> [PROVIDED INFORMATION]
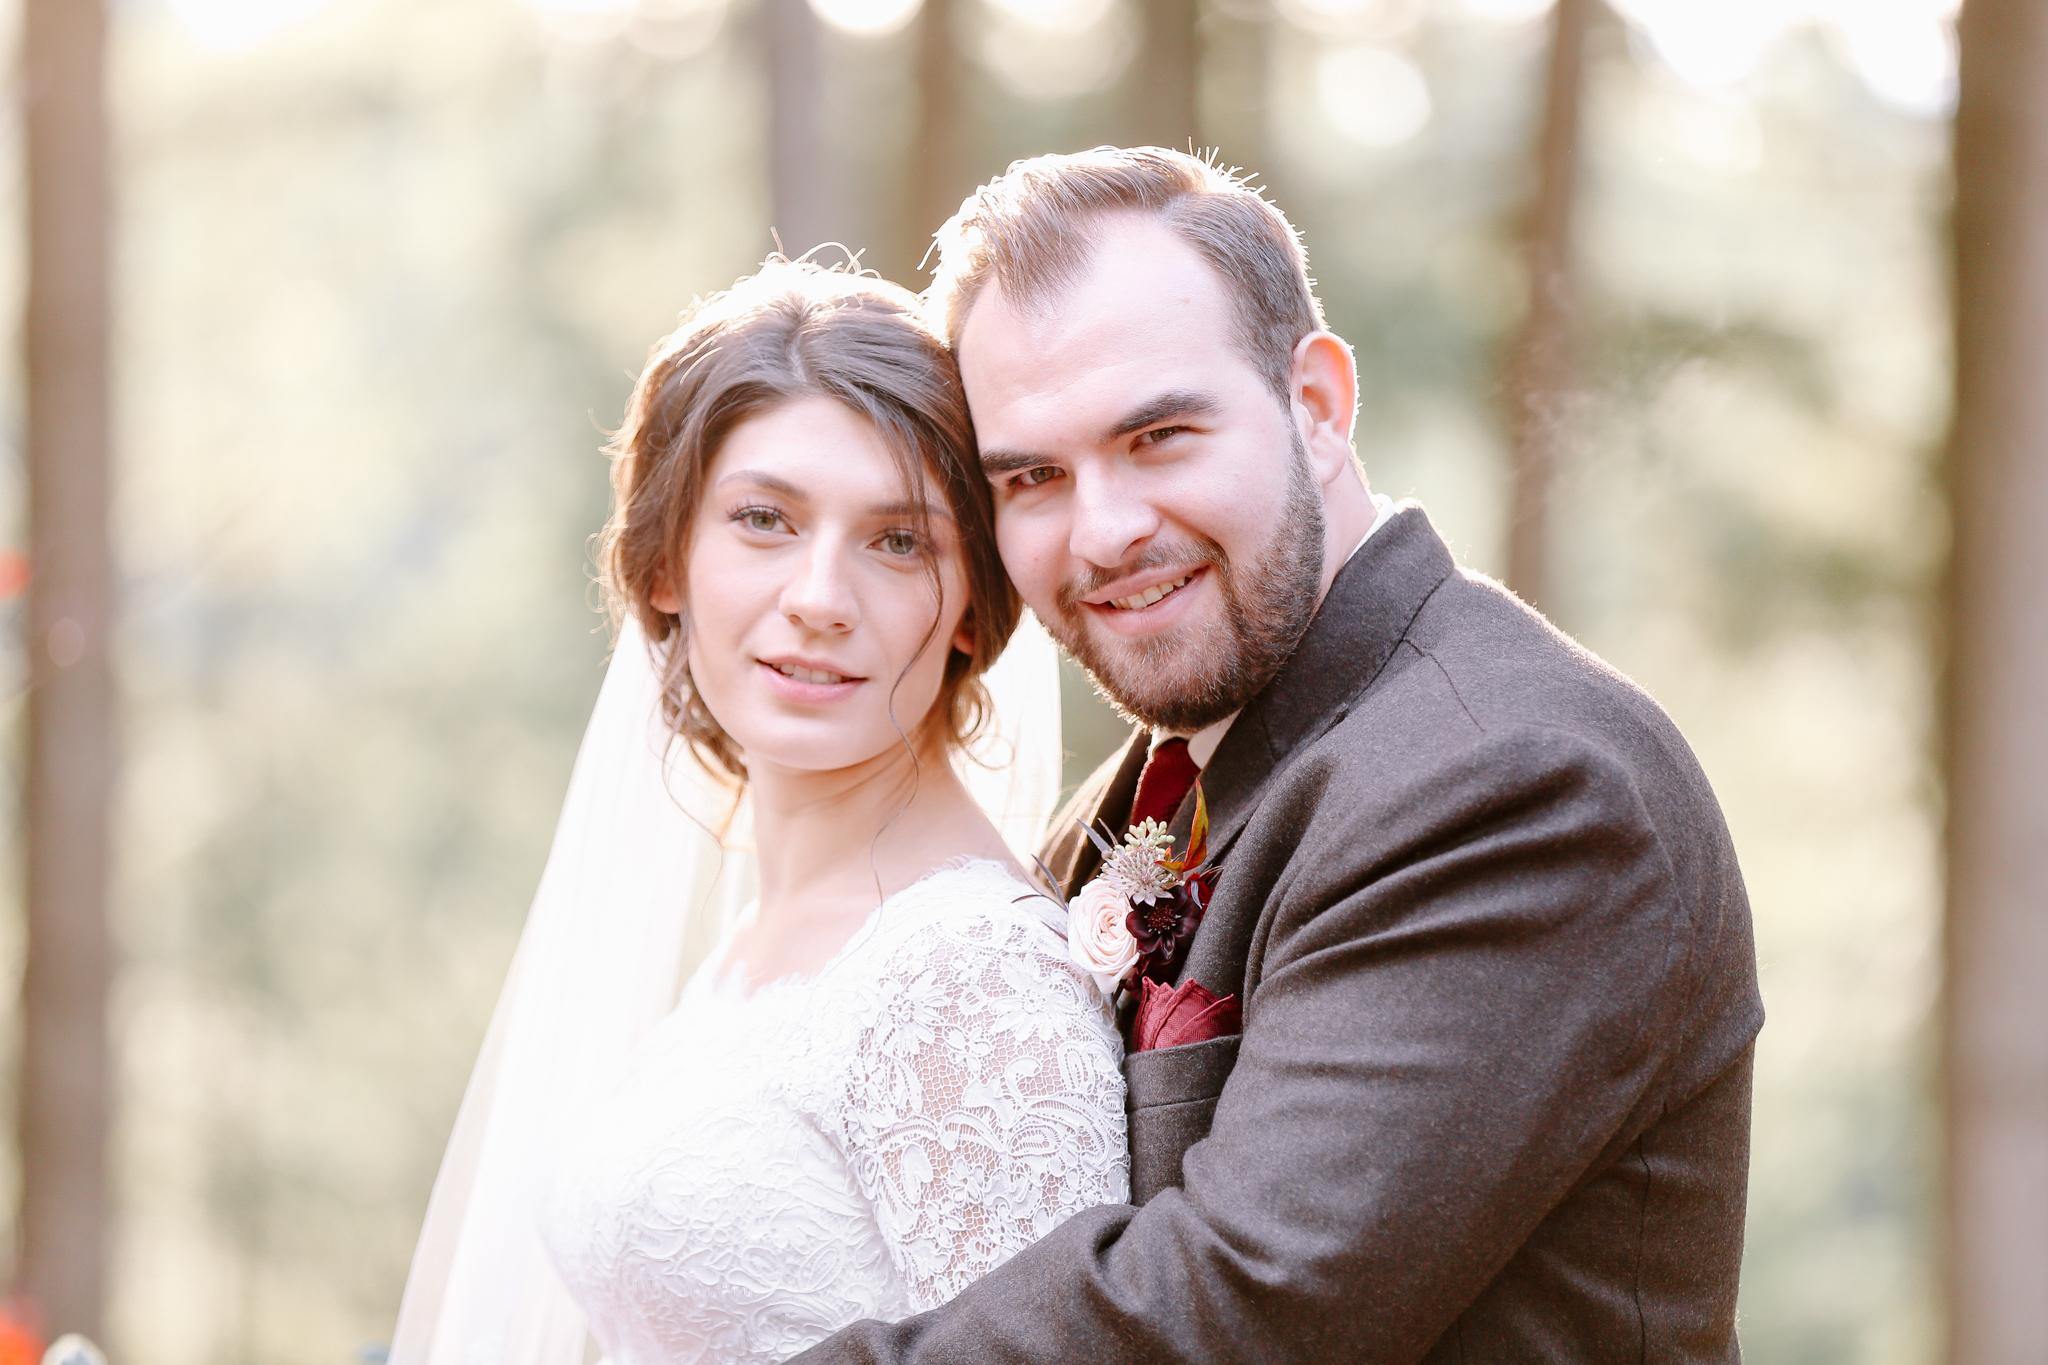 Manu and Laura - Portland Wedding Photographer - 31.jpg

* * *

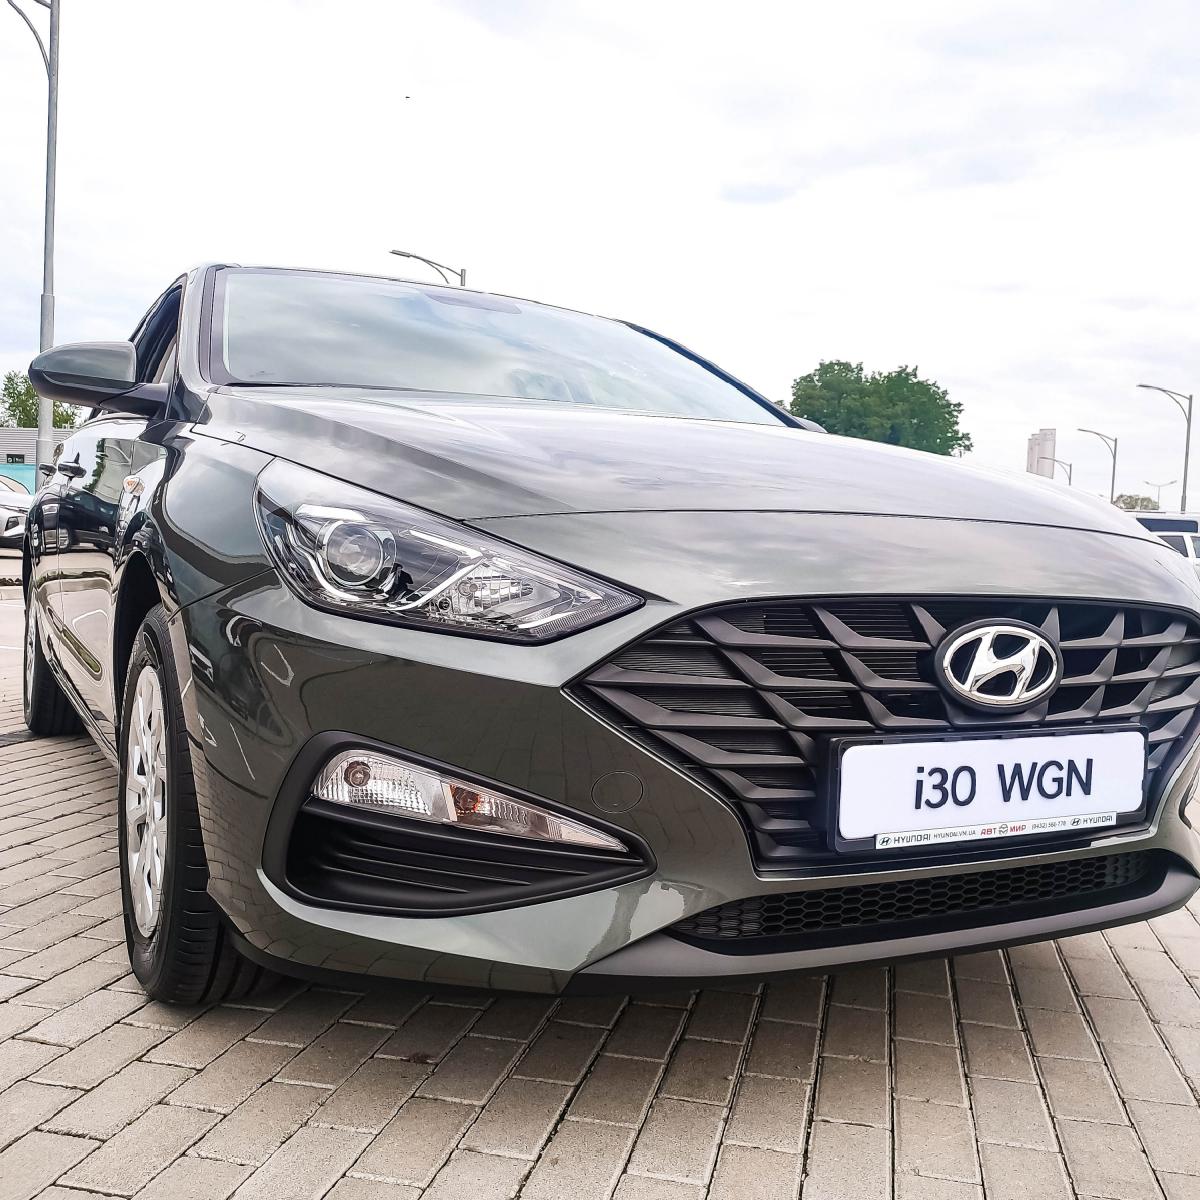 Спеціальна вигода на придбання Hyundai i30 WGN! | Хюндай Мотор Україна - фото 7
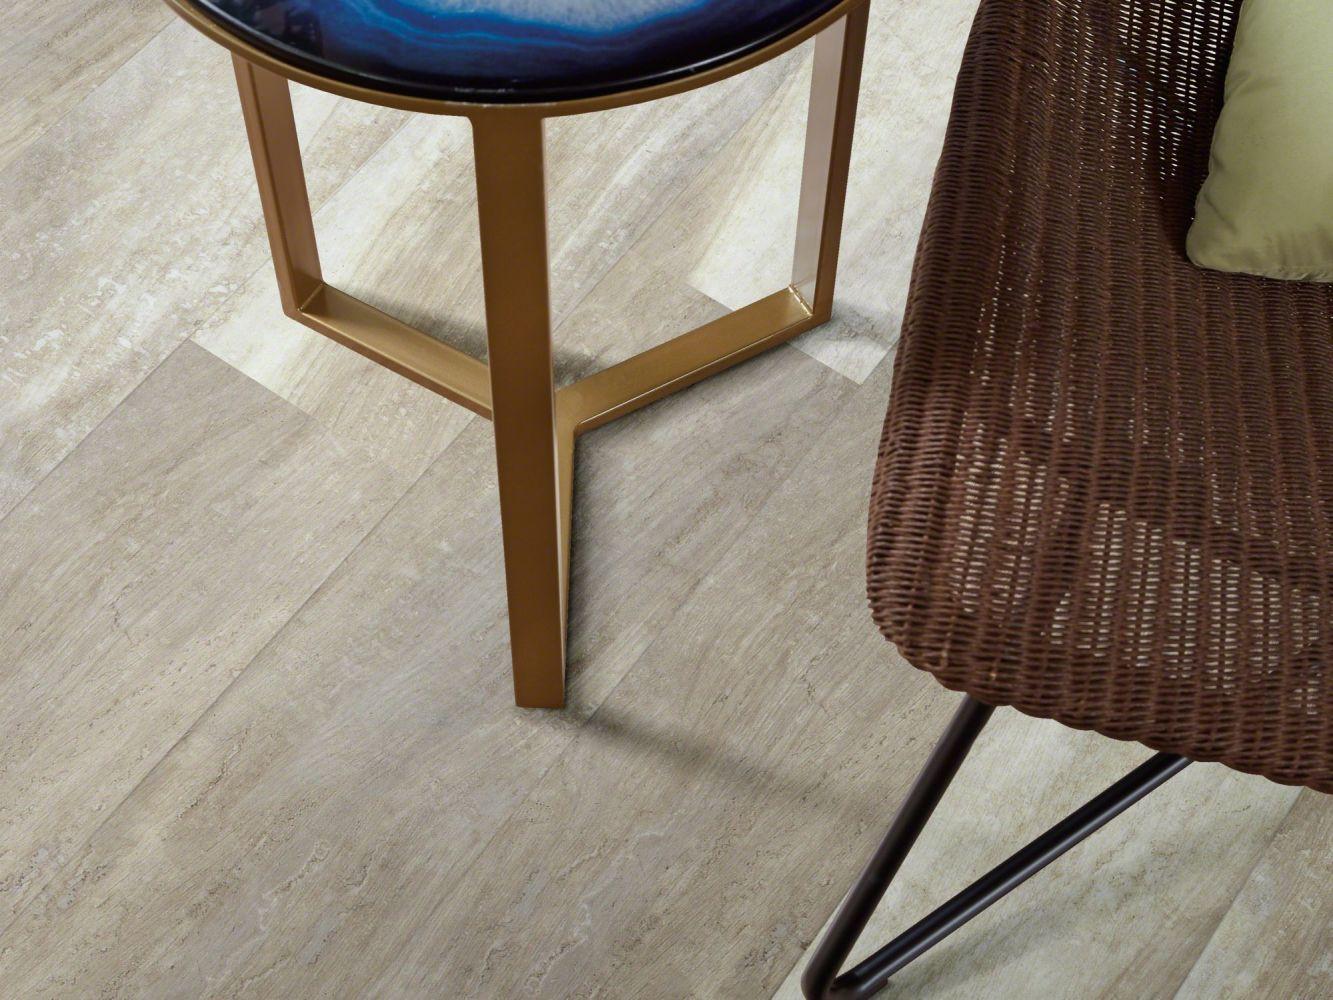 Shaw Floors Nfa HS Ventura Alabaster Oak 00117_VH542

* * *

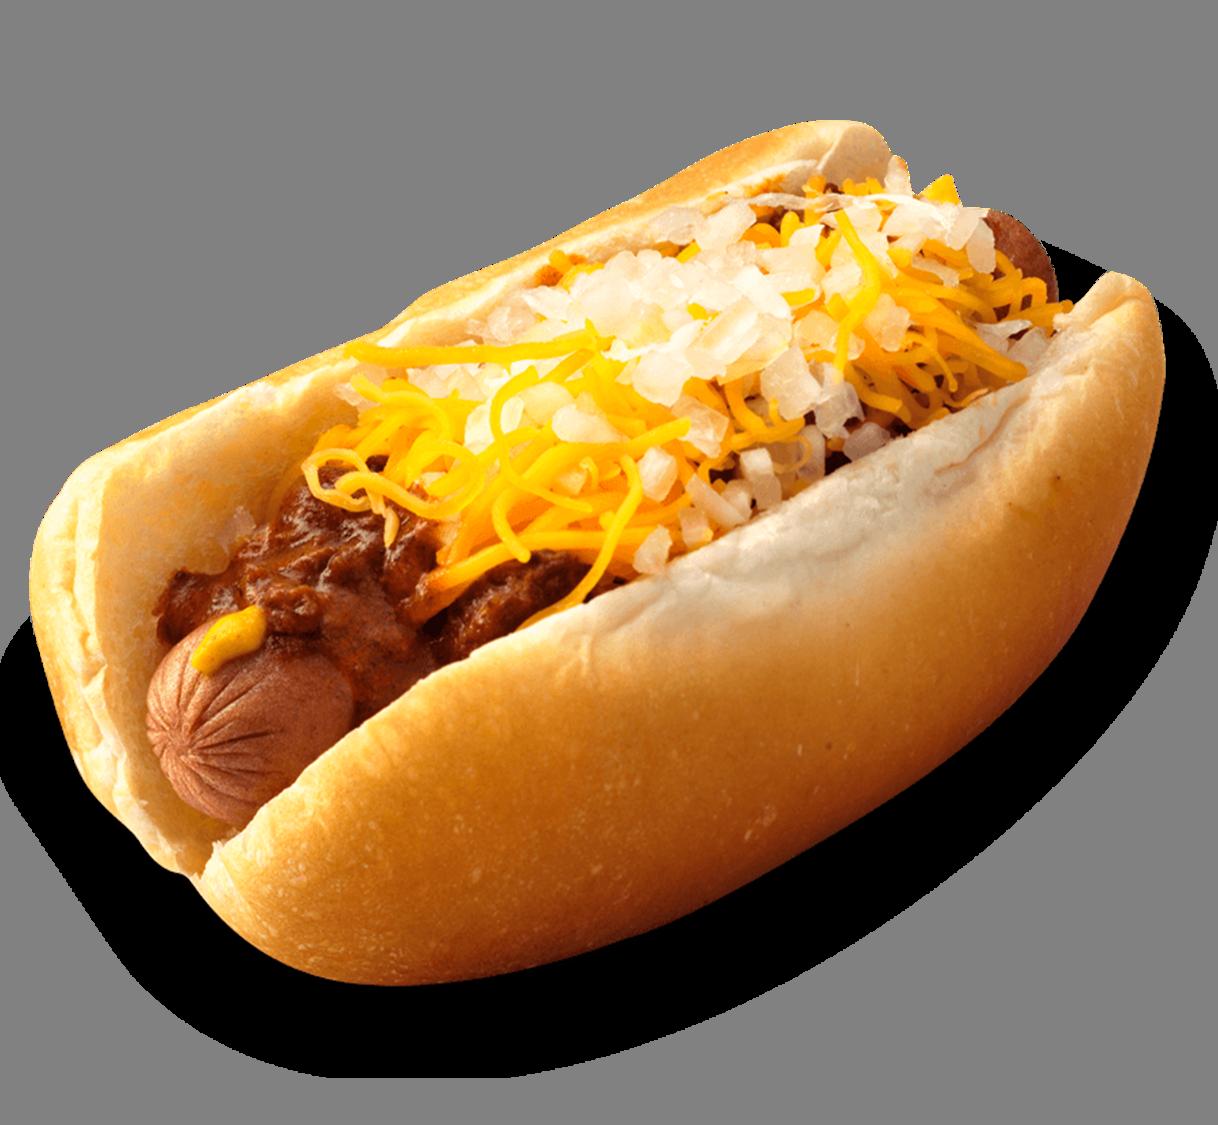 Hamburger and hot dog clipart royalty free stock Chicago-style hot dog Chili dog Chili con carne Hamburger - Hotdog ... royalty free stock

> [REQUIRED WORK]
Write out again exactly the lines above from the one with "Спеціальна вигода на" through the one with "Shaw Floors Nfa", adding no other lines and no pictures.

> [RESPONSE BELOW]
 Спеціальна вигода на придбання Hyundai i30 WGN! | Хюндай Мотор Україна - фото 7
 Shaw Floors Nfa HS Ventura Alabaster Oak 00117_VH542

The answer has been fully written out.